The family requests that memorial gifts be sent to the National Museum of Forest Service History, P.O. Box 2772, Missoula, MT, 59806. Dedicated gifts can be sent online at by clicking on the “programs” and “ways to help” links. Online condolences can be left for Mr. Biddison at 

There are two documents about Mr. Biddison that you might appreciate. One is a 2003 interview conducted by Jim Cook and Mark Linane. The other is a letter he wrote in 1982 in which he listed 30 items he considered to be the “Basics of Fire Suppression”.

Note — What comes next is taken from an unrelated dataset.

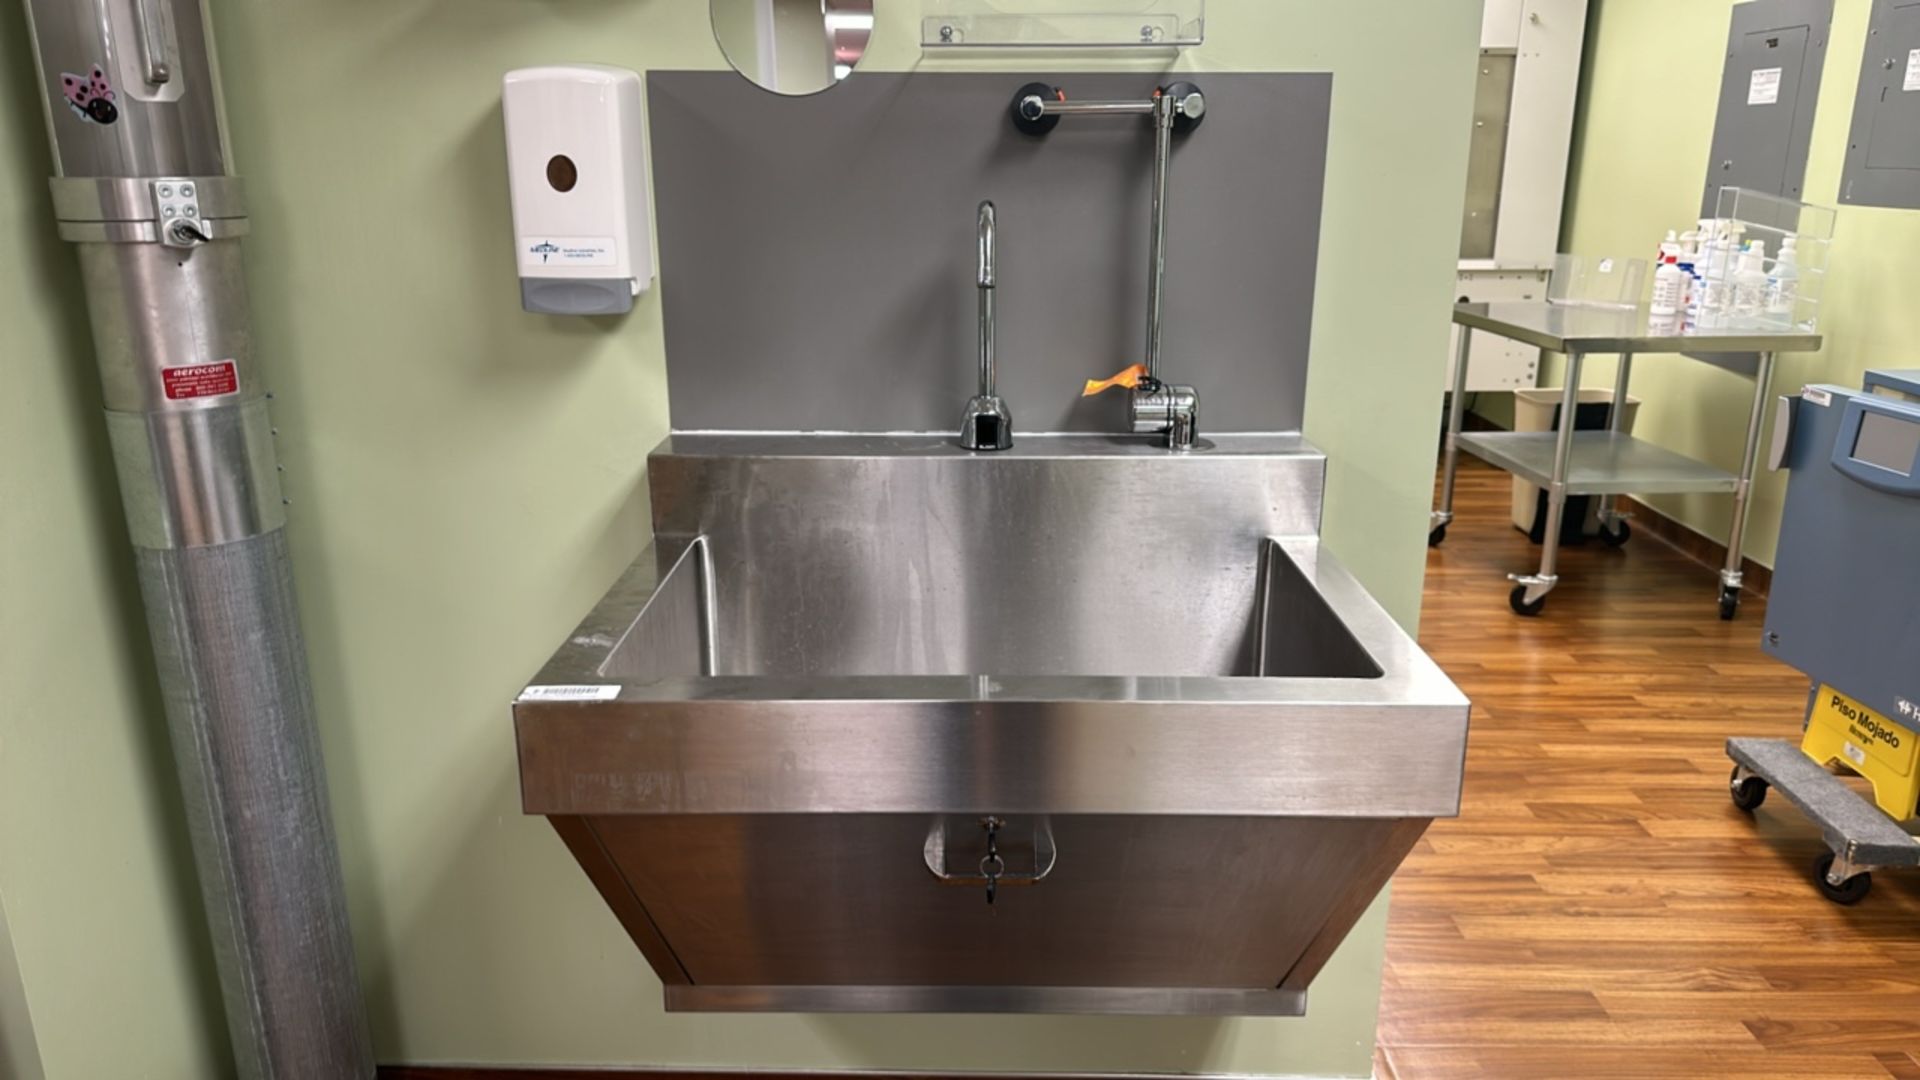 STAINLESS STEEL TOUCHLESS SINK WITH EYE WASH
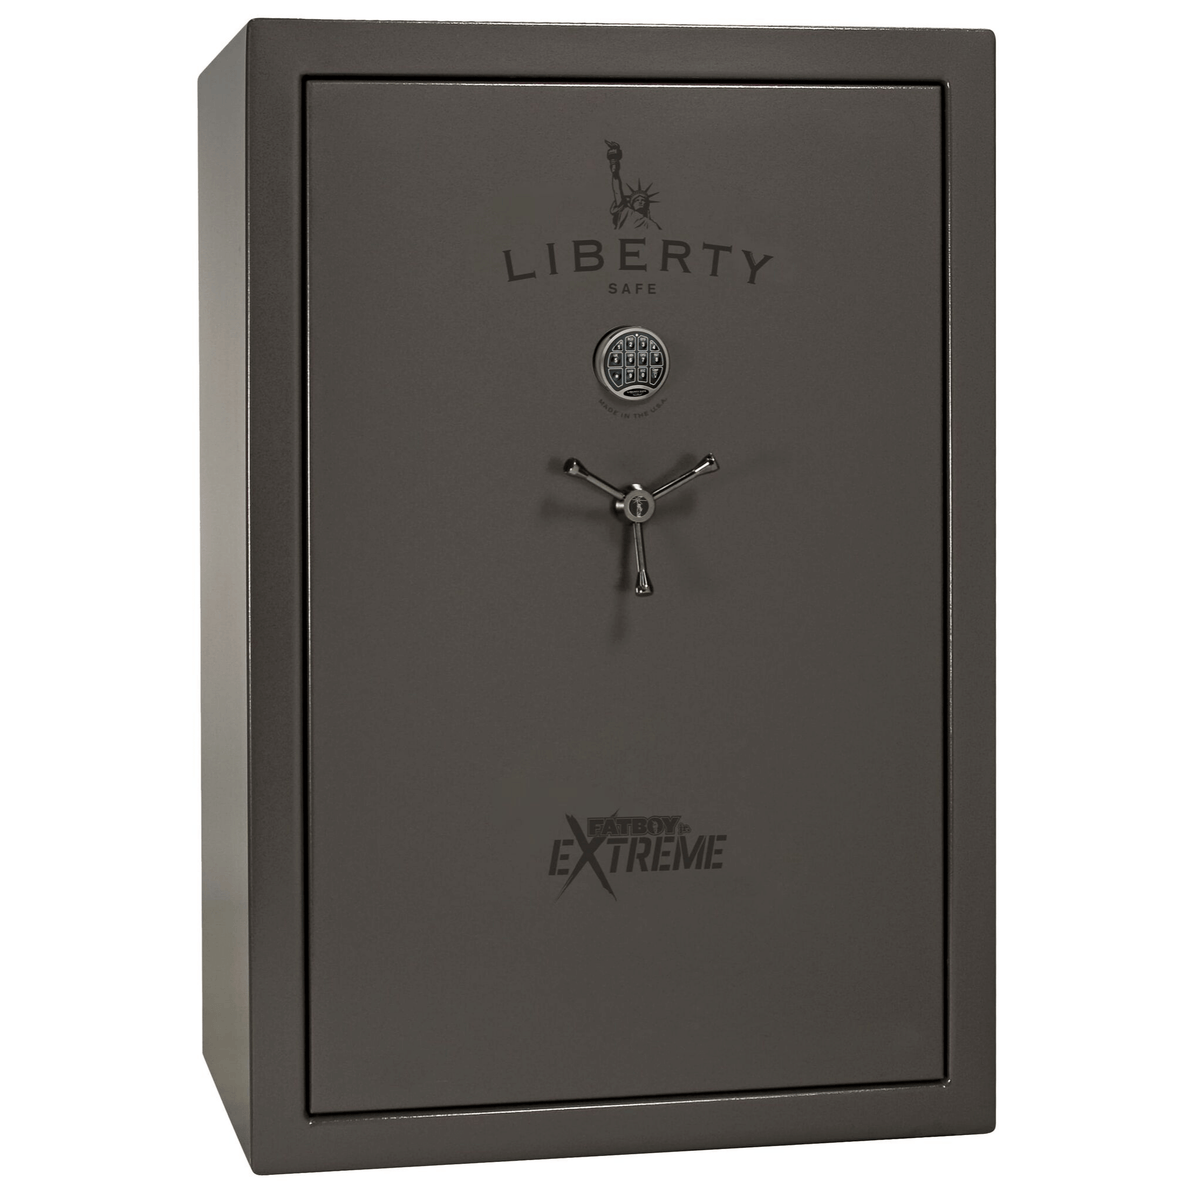 Fatboy Jr. Extreme Series | Level 4 Security | 75 Minute Fire Protection | Liberty Safe Norcal.

Below is a summary of Mr. Biddison’s USFS career, from the 2003 interview:


“Lynn Biddison started as a firefighter in 1943 on the Angeles National Forest. He volunteered for the Marine Corps and the Navy, but colorblindness kept him out of both services. He was drafted in early 1945. At the induction station he volunteered for the paratroops, but was assigned to the Navy Seabees and served in the Philippines until the end of the war in the Pacific. Once out of the Navy, he went back to work for the Angeles National Forest in 1946 as the TTO (Tank Truck Operator) at Oak Flats. In 1947, he became the Tanker Foreman at the District Ranger Station in what is now downtown Newhall. That job also included spending two days a week as the district dispatcher. During that fire season he witnessed the first time a helicopter was used on a fire, it was the Bryant Fire in Big Tujunga Canyon. In order to keep working in 1948, he had to join the engineering crew building water tanks on the Arroyo Seco Ranger District. He began college that same year at Berkeley studying forestry and spent much of the summer in 1949 at forestry camp on the Plumas National Forest.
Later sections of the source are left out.